PROBLEM STATEMENT: For this exercise, retype the lines from the one that holds "メール便◯ Maker's Shirt" through the one that holds "Термокольцо для натяжного" in the records below, both included, exactly and without pictures.

EXTRACTED ENTRIES:

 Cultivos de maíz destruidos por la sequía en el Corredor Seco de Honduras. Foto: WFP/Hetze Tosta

...

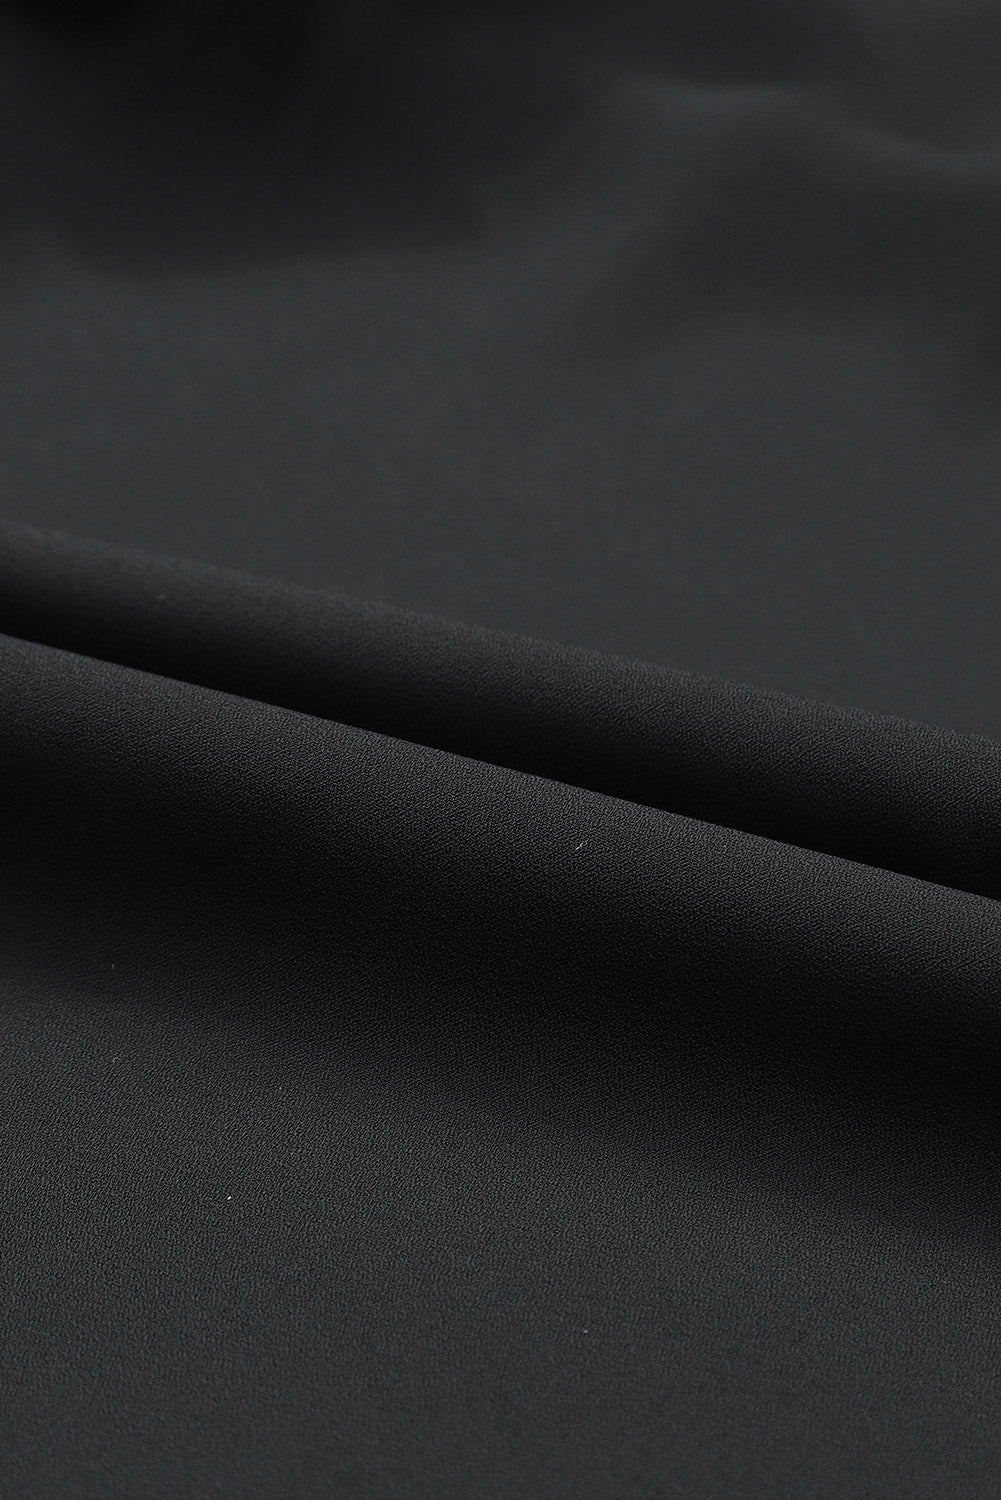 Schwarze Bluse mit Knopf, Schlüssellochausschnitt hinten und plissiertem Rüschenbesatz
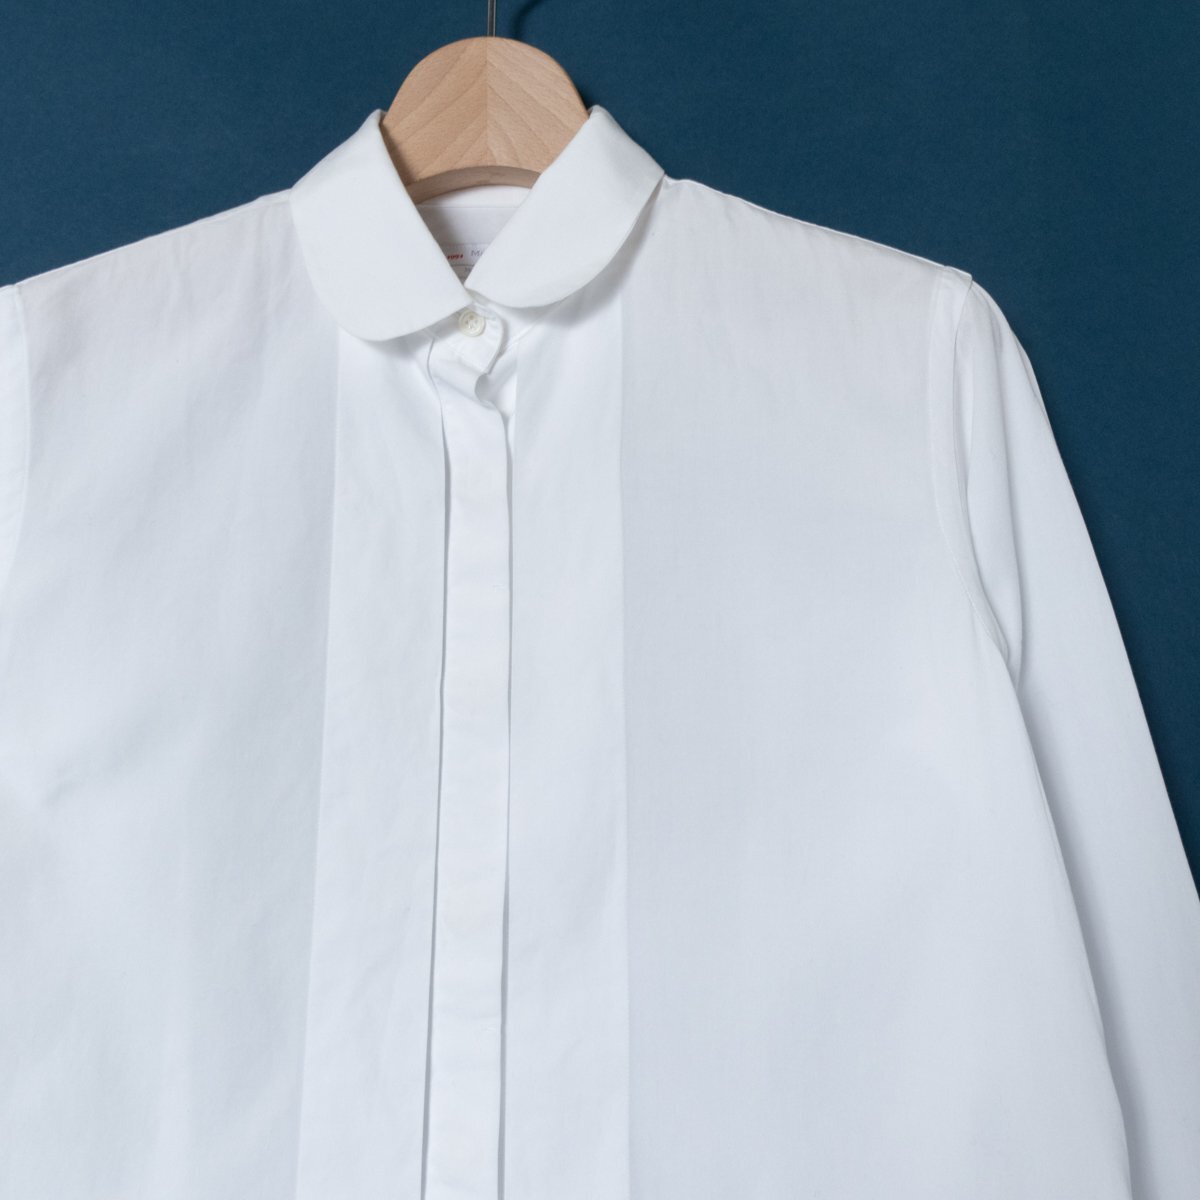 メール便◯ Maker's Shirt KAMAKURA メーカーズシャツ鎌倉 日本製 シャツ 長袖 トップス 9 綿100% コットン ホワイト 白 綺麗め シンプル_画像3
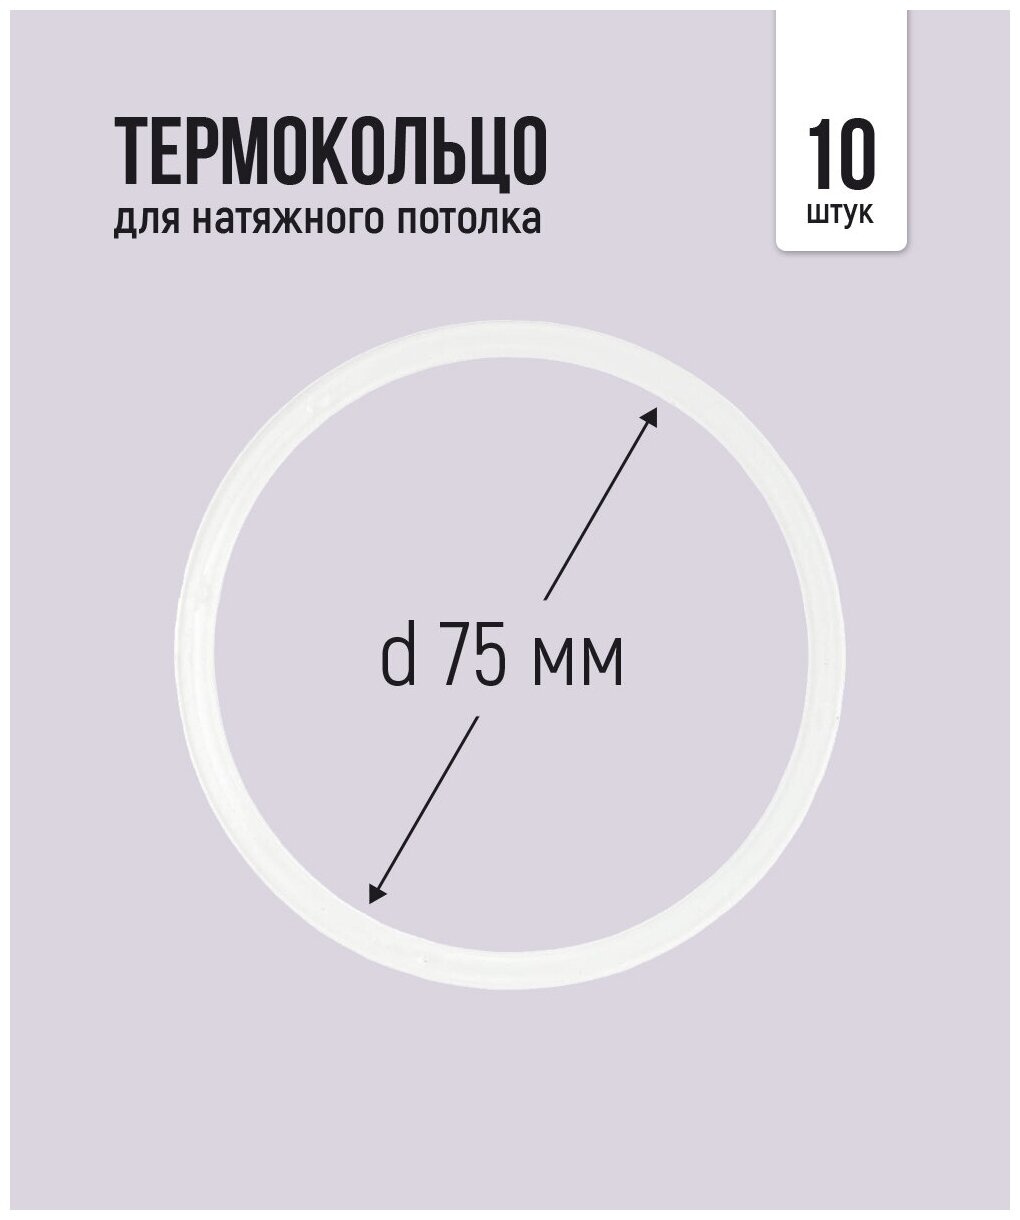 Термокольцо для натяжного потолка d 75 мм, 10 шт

...

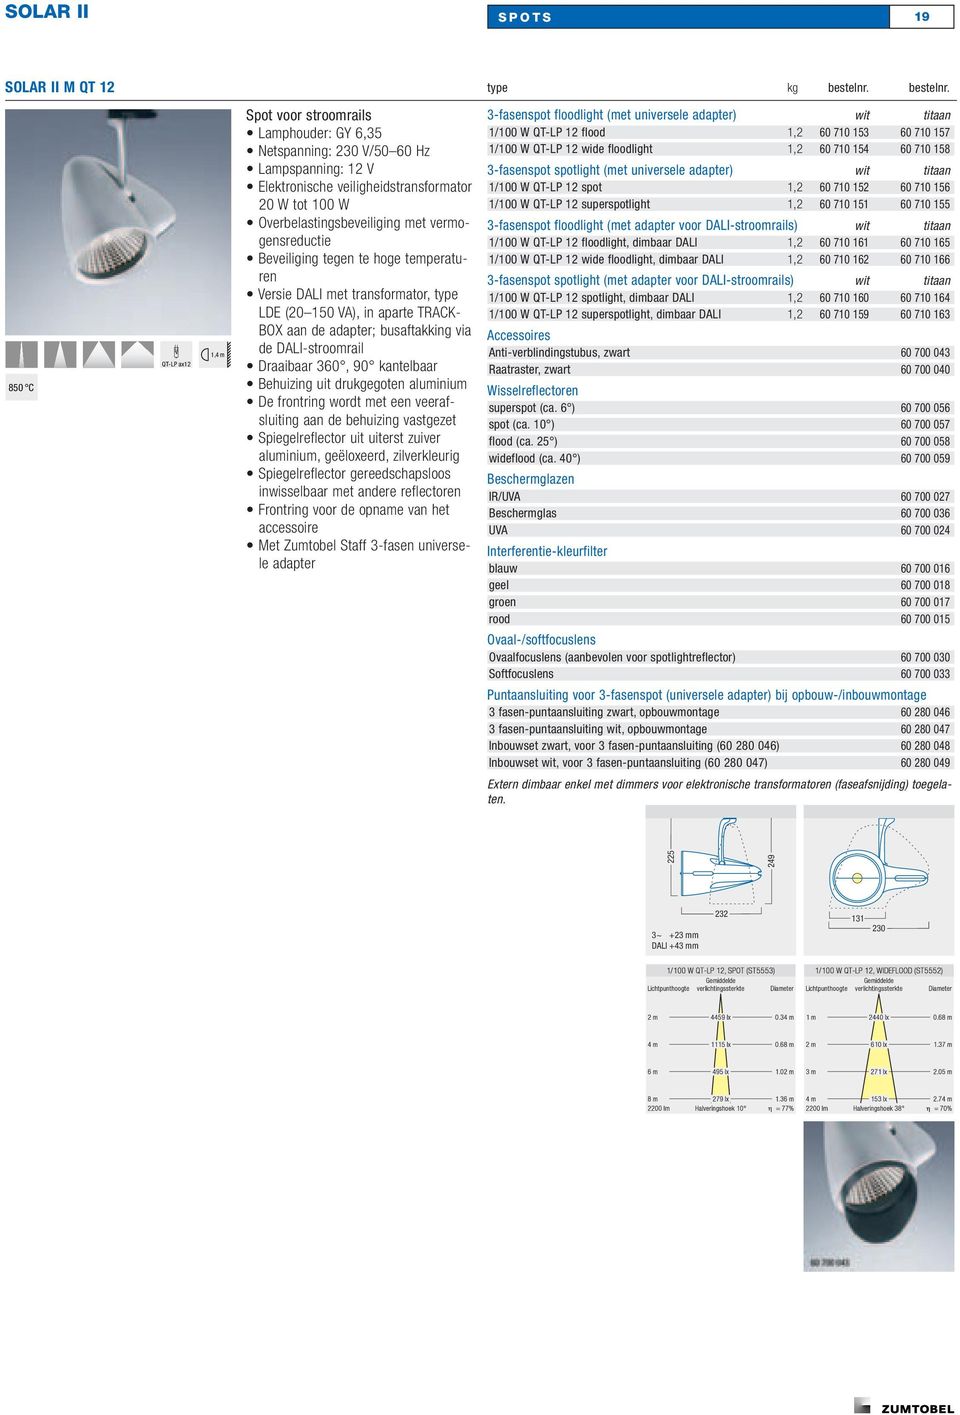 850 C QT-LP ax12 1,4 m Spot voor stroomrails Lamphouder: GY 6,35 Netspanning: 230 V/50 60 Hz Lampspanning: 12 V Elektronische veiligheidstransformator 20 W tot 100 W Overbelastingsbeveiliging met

RESPONSE TO THIS EXERCISE:
 メール便◯ Maker's Shirt KAMAKURA メーカーズシャツ鎌倉 日本製 シャツ 長袖 トップス 9 綿100% コットン ホワイト 白 綺麗め シンプル_画像3
 Термокольцо для натяжного потолка d 75 мм, 10 шт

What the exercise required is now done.